Подобные размышления Элленбергера наталкивают на мысль, что, по его мнению, деятельность такого рода объединений является для истории науки явлением скорее отрицательным, нежели нормальным. Ричард Нолл подхватил эту мысль Элленбергера и всесторонне применил ее к юнгианству.
Выше уже шла речь о чрезмерном оптимизме Элленбергера по поводу возможности четкого отделения фактов от их интерпретации. Безусловно, подобный позитивистский настрой делает тон элленбергеровского исследования несколько старомодным — даже с учетом момента его написания и публикации. Будучи по образованию медиком, Элленбергер смог совершить переворот в истории психиатрии, но так, увы, и не сумел до конца совладать с методологической изощренностью современных ему профессиональных историков. Это и не удивительно: обилие новых материалов, обнаруженных Элленбергером непосредственно по теме его исследования, просто не оставляло времени для знакомства еще и с методологическими новациями в области историко–научных исследований. А между тем 60–е годы XX века были отмечены стремительным ростом популярности этой научной дисциплины и, соответственно, значительным усовершенствованием критериев качества исследования. Отражение соответствующих процессов можно найти в целом ряде публикаций тех лет [165; 166].
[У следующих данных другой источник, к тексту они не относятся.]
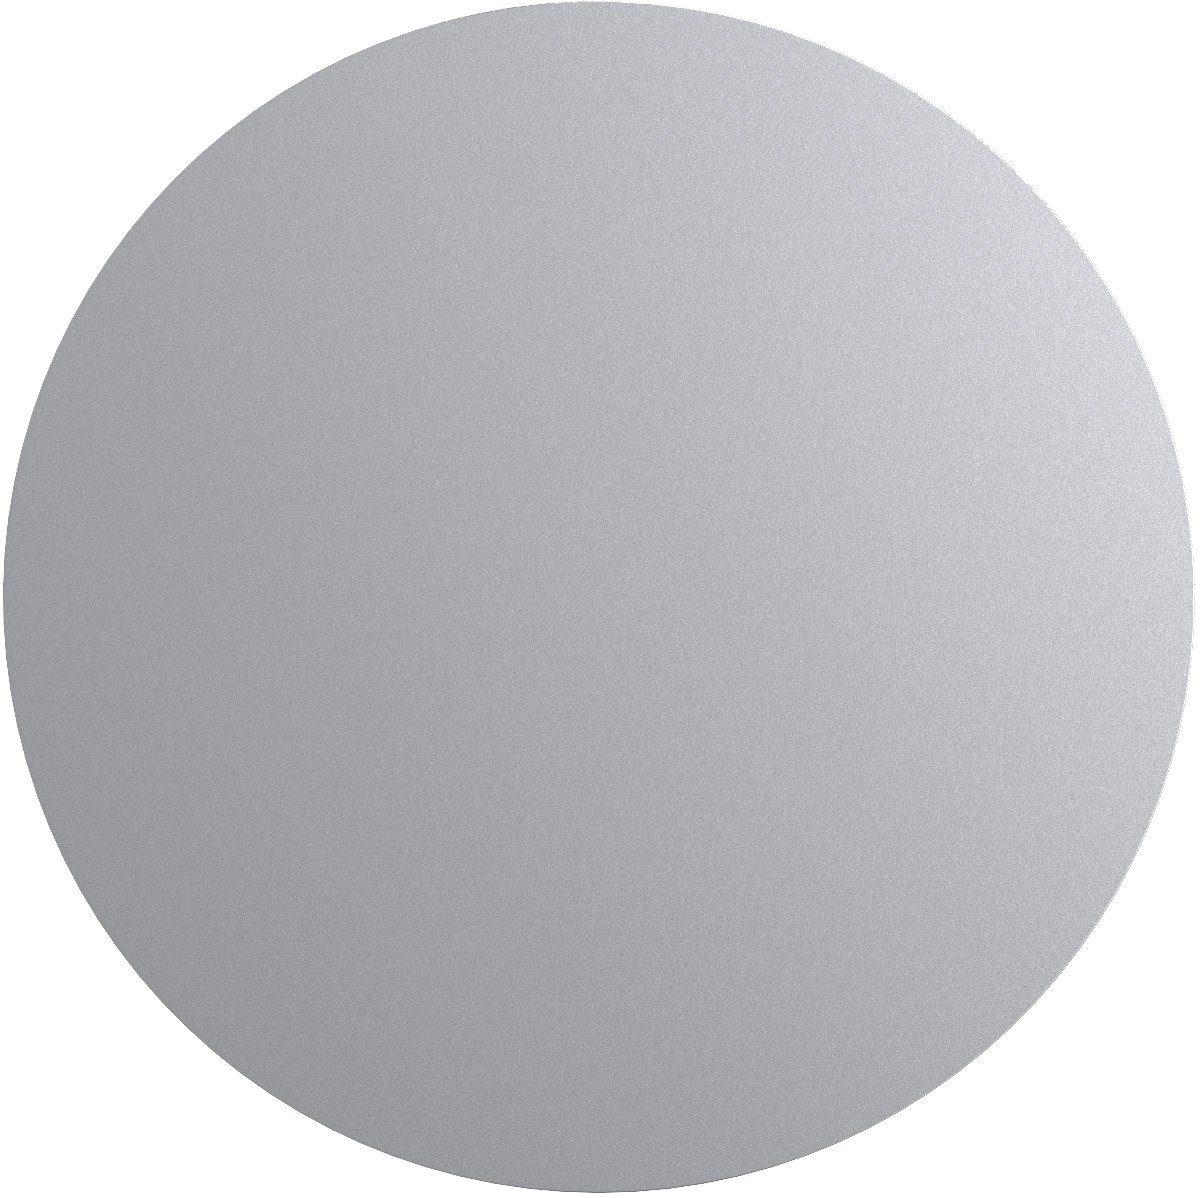 Nordlux LED Außenleuchte, 1 flg., Wandleuchte, »UNO DISC«
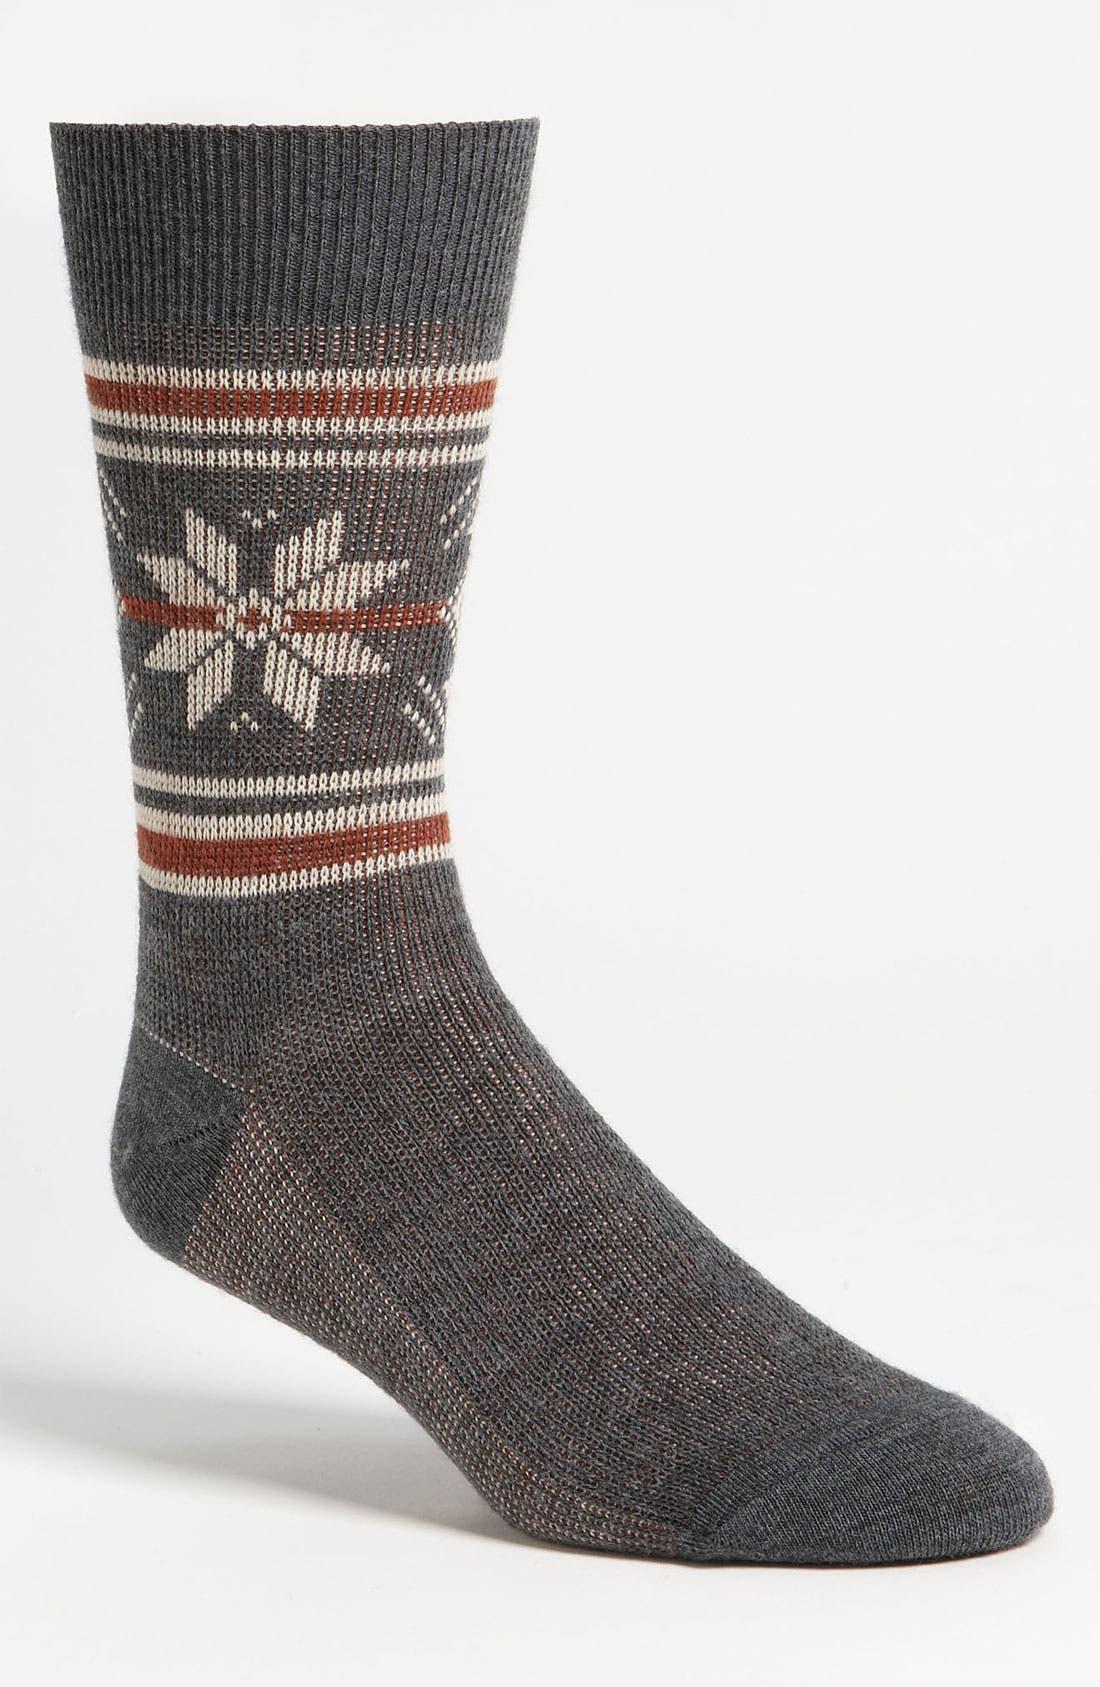 Main Image - Timberland Midweight Merino Wool Blend Crew Socks

Упомянутый общеметодологический архаизм работы Элленбергера, выразившийся в преувеличенном благоговении перед «фактами, и только фактами» и верой (по крайней мере, подспудной) в возможность постижения «Юнга самого по себе», был с лихвой восполнен первым (согласно хронологии) представителем постэлленбергеровской англоязычной критики Юнга — профессором психологии и религиоведения Чикагского университета Питером Хомансом, выпустившим в 1979 г. (т.е. спустя девять лет после «Открытия бессознательного») очень важную для нас работу под названием «Юнг в контексте: современность и становление психологии» [96]. Книга имела значительный резонанс в научных кругах Северной Америки и Западной Европы и на протяжении последующих 15 лет пользовалась устойчивым спросом у англоязычных читателей. Ввиду этого к середине 90–х возникла необходимость в ее переиздании. Вышедшим в 1995 г. вторым изданием книги (снабженным новым весьма пространным авторским введением) [95] мы и будем пользоваться в данном исследовании.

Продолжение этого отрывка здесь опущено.